Semipalmated Sandpiper (Left) and Western Sandpiper - Boundary Bay, 104 St. Delta BC

Here's a closer look at the Semi:
Semipalmated Sandpiper - Boundary Bay, 104 St. Delta BC - 2017 Bird # 190

For a brief period, I had two slightly larger sandpipers in front of me. The long wing projection is a good identifier for this species.

Baird's Sandpiper - Boundary Bay, 104 St. Delta BC

The last bird I saw was a Dunlin, a much larger bird with a very long bill.

Dunlin - Boundary Bay, 104 St. Delta BC

August 14th - Boundary Bay

I did a whole lot of walking to get the three photos below.  Actually this Eagle was right by the parking lot at the Airpark at 104 St. The walking happened after the photo.

Bald Eagle - Boundary Bay, 104 St. Delta BC

For a while I had this identified as a Semipalmated Plover, but I've changed my mind to Killdeer.

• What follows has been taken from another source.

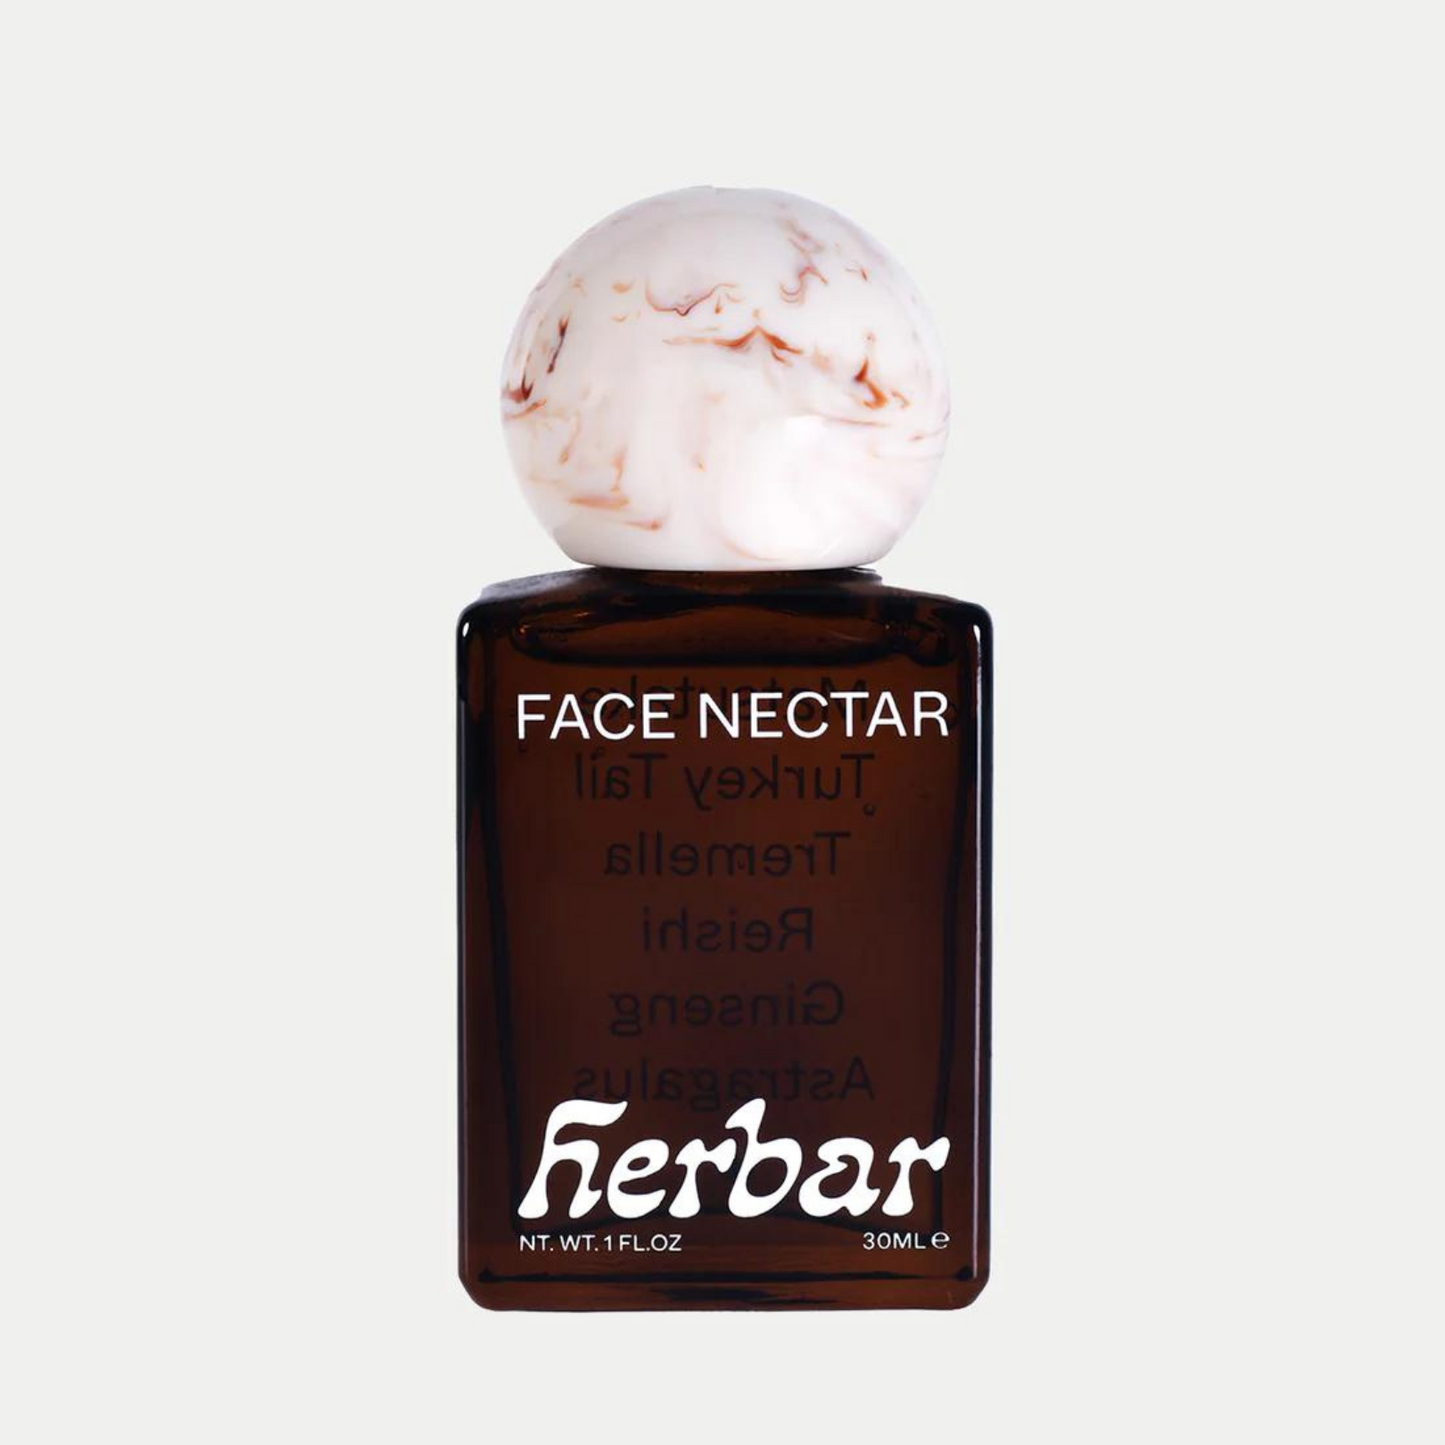 The Face Nectar - NEW

That was my impression at the time, and the other photos I have look more like a Killdeer.

Killdeer - Boundary Bay, 96 St. Delta BC

The last bird is a Pectoral Sandpiper, normally quite common along Boundary Bay.  This is the only one I've seen this year.

Pectoral Sandpiper - Boundary Bay, 96 St. Delta BC

That was it for August, there'd be some more shorebirds in September.